Qwen3.6-27B: Flagship-Level Coding in a 27B Dense Model (2 minute read)
Qwen's new 27B parameter model reportedly matches flagship-level coding performance in a package 14x smaller than their previous best model.
Deep dive
- Qwen3.6-27B achieves what the team claims is flagship-level coding performance while being 807GB → 55.6GB in full size compared to their previous best model
- The previous generation Qwen3.5-397B-A17B was a mixture-of-experts architecture with 397B total parameters and 17B active, while the new model is a 27B dense architecture
- Simon Willison tested a 16.8GB quantized version (Q4_K_M) locally using llama-server and found it delivered impressive results on SVG generation tasks
- The quantized model generated complex SVG images (pelican on bicycle) at 25.57 tokens/s for generation, producing 4,444 tokens in under 3 minutes on consumer hardware
- Testing methodology used specific llama-server configuration with reasoning mode enabled and thinking preservation to maximize coding performance
- The model downloaded to local cache (~17GB) on first run, making it practical for offline use once cached
- Performance remained strong even with aggressive quantization, suggesting the model's capabilities are robust across different compression levels
- SVG generation quality was described as "outstanding" for a 16.8GB local model, demonstrating practical coding assistance capabilities
- The breakthrough suggests that architectural improvements and training advances are enabling smaller dense models to compete with much larger sparse models
Decoder
- Dense model: A model where all parameters are used for every inference, unlike mixture-of-experts which activates only a subset
- MoE (Mixture of Experts): Architecture with many parameter groups where only some are active per request, allowing larger total size with lower active memory
- Quantized: Compressed model using lower precision numbers (like 4-bit instead of 16-bit) to reduce size while preserving most capability
- GGUF: A file format for storing quantized models optimized for efficient inference on CPUs and GPUs
- Agentic coding: AI systems that can autonomously plan, execute, and iterate on programming tasks rather than just generating code snippets
- Q4_K_M: A specific quantization scheme using 4-bit precision with medium-size optimization for balancing quality and size
Original article
Qwen3.6-27B: Flagship-Level Coding in a 27B Dense Model
Big claims from Qwen about their latest open weight model:
Qwen3.6-27B delivers flagship-level agentic coding performance, surpassing the previous-generation open-source flagship Qwen3.5-397B-A17B (397B total / 17B active MoE) across all major coding benchmarks.

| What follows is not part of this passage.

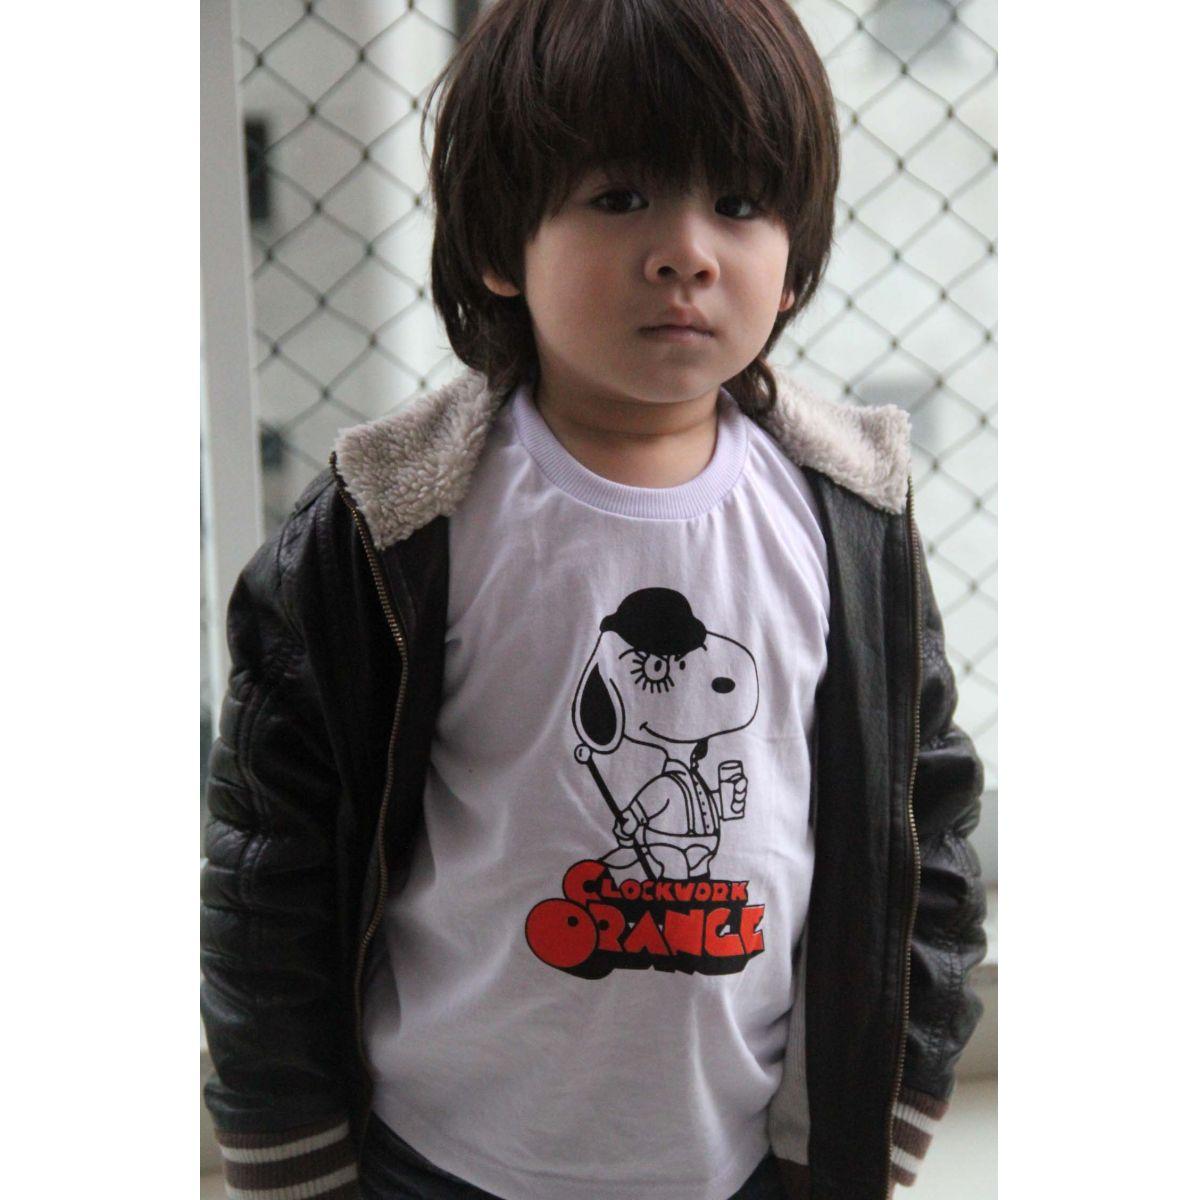 Camiseta de Filme Infantil - Laranja Mecânica - White  - Baby Monster S/A

On Hugging Face Qwen3.5-397B-A17B is 807GB, this new Qwen3.6-27B is 55.6GB.
I tried it out with the 16.8GB Unsloth Qwen3.6-27B-GGUF:Q4_K_M quantized version and llama-server using this recipe by benob on Hacker News, after first installing llama-server using brew install llama.cpp:
llama-server \
-hf unsloth/Qwen3.6-27B-GGUF:Q4_K_M \
--no-mmproj \
--fit on \
-np 1 \
-c 65536 \
--cache-ram 4096 -ctxcp 2 \
--jinja \
--temp 0.6 \
--top-p 0.95 \
--top-k 20 \
--min-p 0.0 \
--presence-penalty 0.0 \
--repeat-penalty 1.0 \
--reasoning on \
--chat-template-kwargs '{"preserve_thinking": true}'
On first run that saved the ~17GB model to ~/.cache/huggingface/hub/models--unsloth--Qwen3.6-27B-GGUF.
Here's the transcript for "Generate an SVG of a pelican riding a bicycle". This is an outstanding result for a 16.8GB local model:

Performance numbers reported by llama-server:
- Reading: 20 tokens, 0.4s, 54.32 tokens/s
- Generation: 4,444 tokens, 2min 53s, 25.57 tokens/s
For good measure, here's Generate an SVG of a NORTH VIRGINIA OPOSSUM ON AN E-SCOOTER (run previously with GLM-5.1):

That one took 6,575 tokens, 4min 25s, 24.74 t/s.